Clark, according to people familiar with the matter, pushed to have the department hold a news conference to announce investigators were examining serious fraud allegations, and to take particular steps in Georgia, such as sending a letter asserting Joe Biden’s win could be voided there. Trump, the people said, then contemplated putting Clark in charge of the department, and Rosen was soon informed of the plan. The acting attorney general pushed for a meeting with Trump himself.

At the meeting were Trump, Clark and Rosen, along with Richard Donoghue, the acting deputy attorney general; Steven A. Engel, the head of the department’s Office of Legal Counsel; and Pat Cipollone, the White House counsel, the people familiar with the matter said. The people said Rosen, Donoghue, Engel and Cipollone pushed against the idea of replacing Rosen, and warned of a mass resignation. Ultimately, Trump did not move forward, and Rosen remained in place.

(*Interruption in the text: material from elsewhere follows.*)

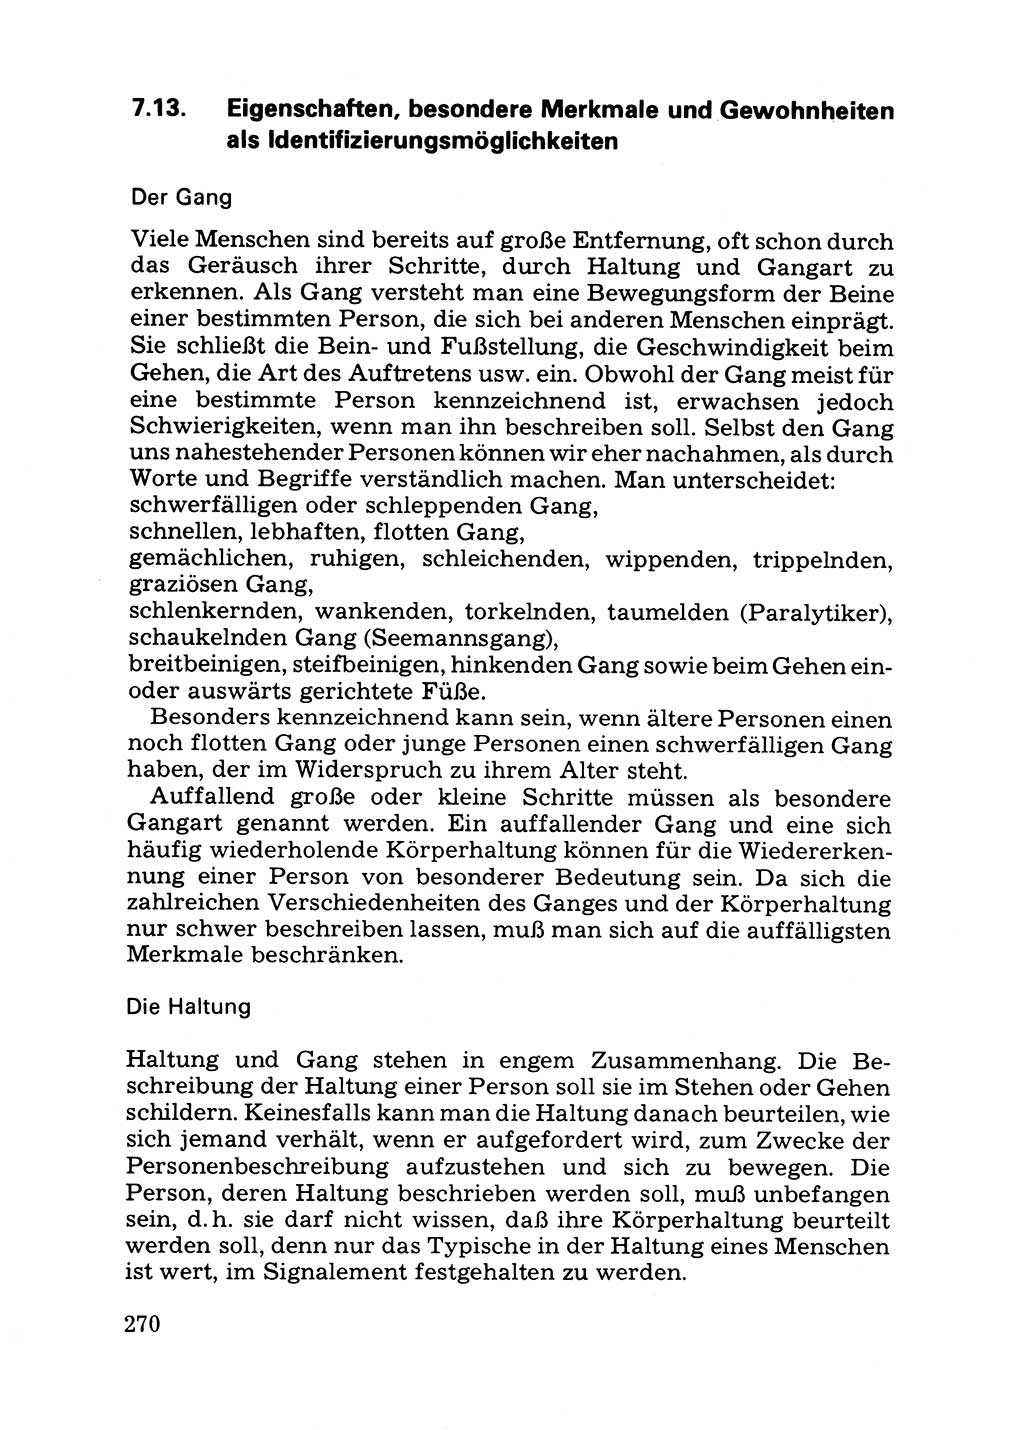 Das subjektive Porträt [Deutsche Demokratische Republik (DDR)] 1981, Seite 270 (Subj. Port. DDR 1981, S. 270)
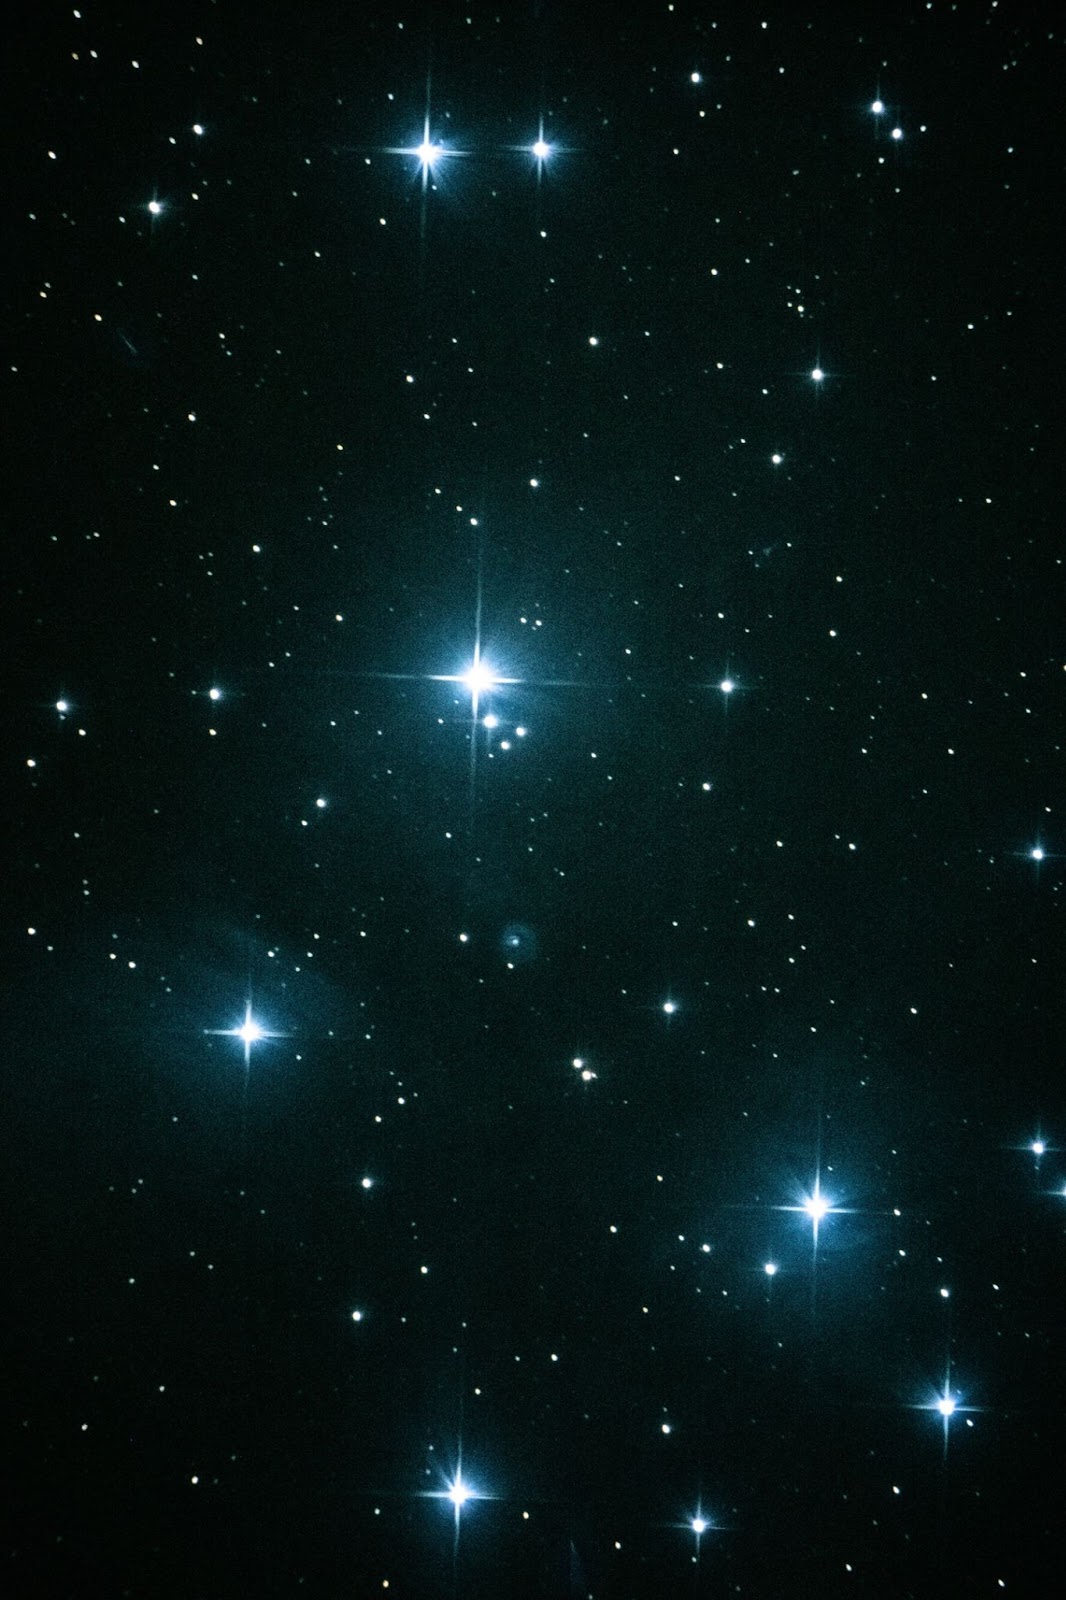 Рассеянное звёздное скопление Плеяды расположено в созвездии Тельца. В невооруженный глаз они похожи на характерный ковшик. Автор снимка Tateshi Yokotaishi.

All of those involved have since left the Justice Department, as they were Trump appointees. Even if the plan had been carried out, it seems unlikely it would have impacted the election results - which already had been certified by the states - though it would have significantly eroded the Justice Department’s credibility.

Clark, in a written statement, has denied that he “devised a plan . . . to oust Jeff Rosen,” and he has also denied that he made recommendations “based on factual inaccuracies gleaned from the Internet.” He seemed to quote language from the New York Times, which first reported the event.

“My practice is to rely on sworn testimony to assess disputed factual claims,” Clark said. “There were no ‘maneuver[s].’ There was a candid discussion of options and pros and cons with the President. It is unfortunate that those who were part of a privileged legal conversation would comment in public about such internal deliberations, while also distorting any discussions . . . Observing legal privileges, which I will adhere to even if others will not, prevent me from divulging specifics regarding the conversation.”

Rosen has declined to comment.

Horowitz already had been examining another incident of possible Justice Department malfeasance over the election: the abrupt departure of the U.S. attorney in Atlanta after Trump complained officials in Georgia were not doing enough to find election fraud.

Byung J. “BJay” Pak unexpectedly announced Jan. 4 that he was stepping down that day as the U.S. attorney for the Northern District of Georgia, and Trump then bypassed his top deputy in selecting a temporary replacement. According to people familiar with the matter, Pak had received a call from a senior Justice Department official in Washington that led him to believe he should resign shortly before he did so.

Pak’s resignation came just a day after The Washington Post reported on a call in which Trump urged Republican Brad Raffensperger, the Georgia secretary of state, to “find” enough votes to overturn his election defeat in that state.